I leaned on the rail and rubbed at my temples. “Shit gets more and more fun,” I said with a sigh. “So when do you start training me? I think I’m going to need it, and soon.”
He stood beside me, looking out to the sea and sky. “You need everything I can teach you, all that you can absorb,” he said, voice still brimming with power. “Meet me at the column at midday wearing clothing suitable for working out.”
I straightened and regarded his profile. The set of his jaw betrayed his deep turmoil. “You got it, Boss,” I said, laying my hand briefly on his shoulder before I turned and departed.
Chapter 27
Workout clothing? An ilius—Tata, I think—coiled out of my way as I passed through the main room and into the bedroom. To my utter shock, I found a tank top, something that looked very much like a sports bra, socks and shorts. Apparently the zrila had been busy sewing like, well, demons. I quickly threw the clothing on, then spent several frustrating minutes looking for my sneakers, finally finding them in the insane location known as the-bottom-of-the-wardrobe-where-they-belong. Crazy faas!
I raked my hair back into a ponytail as I headed out and reached the column just as the midday tone resonated through me. I looked up. It rose three stories or so, about ten feet in diameter at the base, narrowing gradually to a flat top that was half that. Though of the same ubiquitous basalt of the area, its polished surface glimmered in othersight as though coated with a thin layer of potency. As good a place to meet as any I supposed. What the heck did the lord have planned for me that required workout clothing? Exercise? The Arcane? I sucked equally at both.
A few minutes later Mzatal approached down the long path from the palace. I allowed myself an appreciative smile at his appearance. Barefooted and bare-chested, he wore loose pants of deep blue low on his hips, and a sleeveless and flowing knee-length open tunic in a fabric that shimmered impossibly between gold, maroon, and dark green. His braid hung over his right shoulder, though calling it simply a braid did little justice to the intricate weave. It had to be at least a dozen strands, wound through with cords of silver, gold, and bronze.

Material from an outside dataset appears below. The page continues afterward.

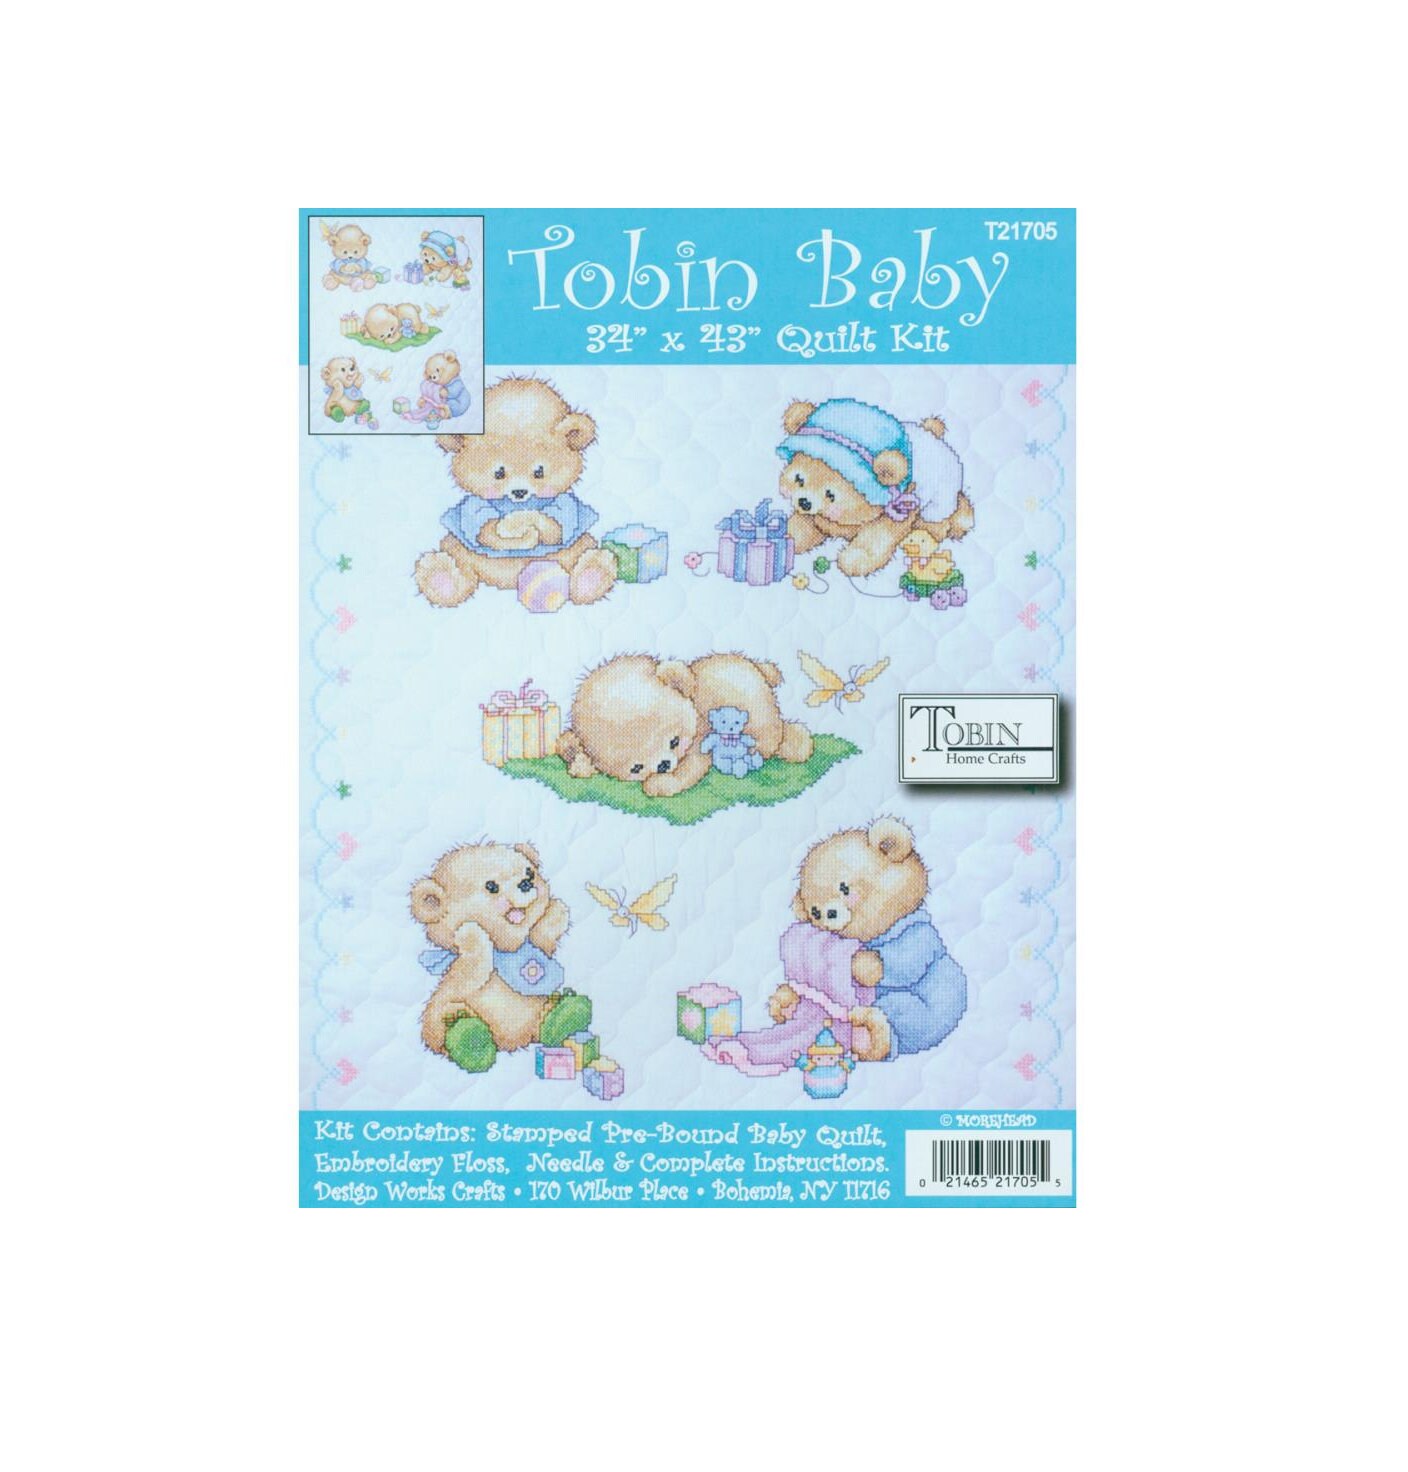 Baby Polar Bears Small Christmas Stocking Cross Stitch Pattern

He looked damn good.
As he neared I gave him a grin. “Nice duds, Boss. Looking sharp.”
With a glance and faint smile, he continued past me and to the column. Placing his right hand on the surface, he murmured something too low for me to hear, then clasped both hands behind his back and turned to regard me, smiling enigmatically.

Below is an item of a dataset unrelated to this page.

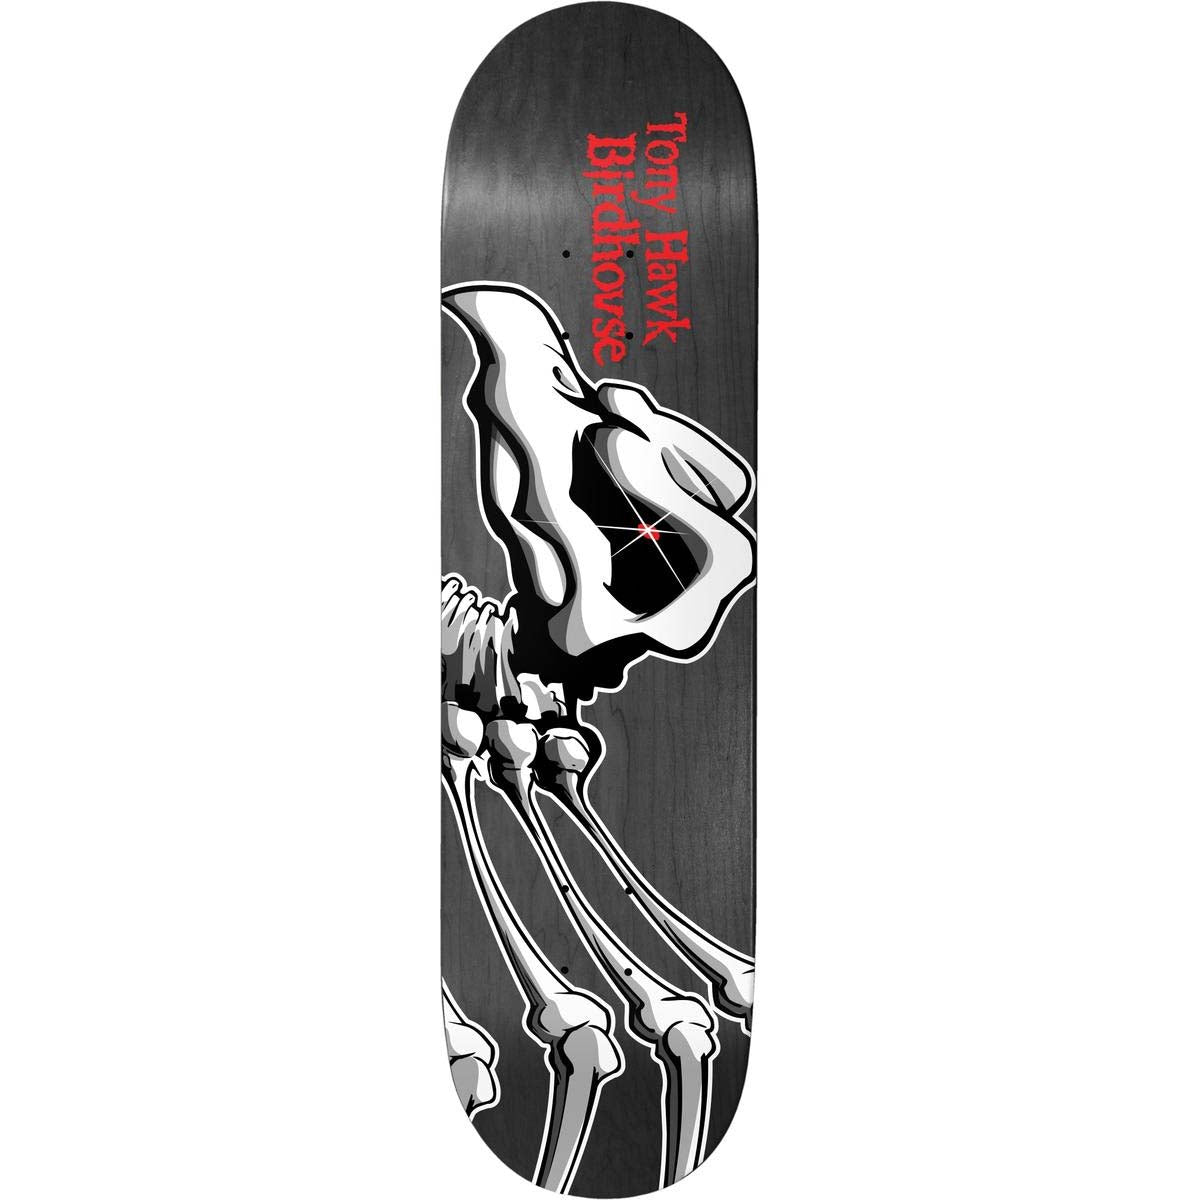 Birdhouse Skateboards "Tony Hawk- Falcon" 8.125" Deck

I gave him a wary look. “What’s the plan for today?”
“This is where it begins,” he said, voice rich and intense, “and this is where it ends. The Primary Initiation.”
“Okaaay,” I said, totally baffled. “And what does that mean?”
“This segment of training begins now and ends when you survive the execution of a perfect shikvihr atop the column.”
Survive?? I tipped my head back to look at the column. How the hell was I supposed to climb that thing?
I dragged my eyes from the column and back to Mzatal. “You’re fucking kidding me.”
His smile didn’t waver. “No, I am not. It is an arduous undertaking, and one that will serve you well.”
I frowned. Clearly I was missing something incredibly obvious. I hated weird challenges like this, because I always seemed to miss the really obvious thing. “Okay, lemme make sure I have this straight,” I said. “I have to climb this smooth, really high column and then do a shikvihr? I don’t even know what that is yet.”
“The shikvihr is a full pattern lay, consisting of eleven rings with eleven sigils per ring,” he explained patiently. “It is a ritual foundation that greatly enhances ability to control and focus potency. When done properly, it flows like a harmonious dance. The column will adapt to the level of your preparedness. Step back ten paces, and I will demonstrate an initiate level shikvihr.”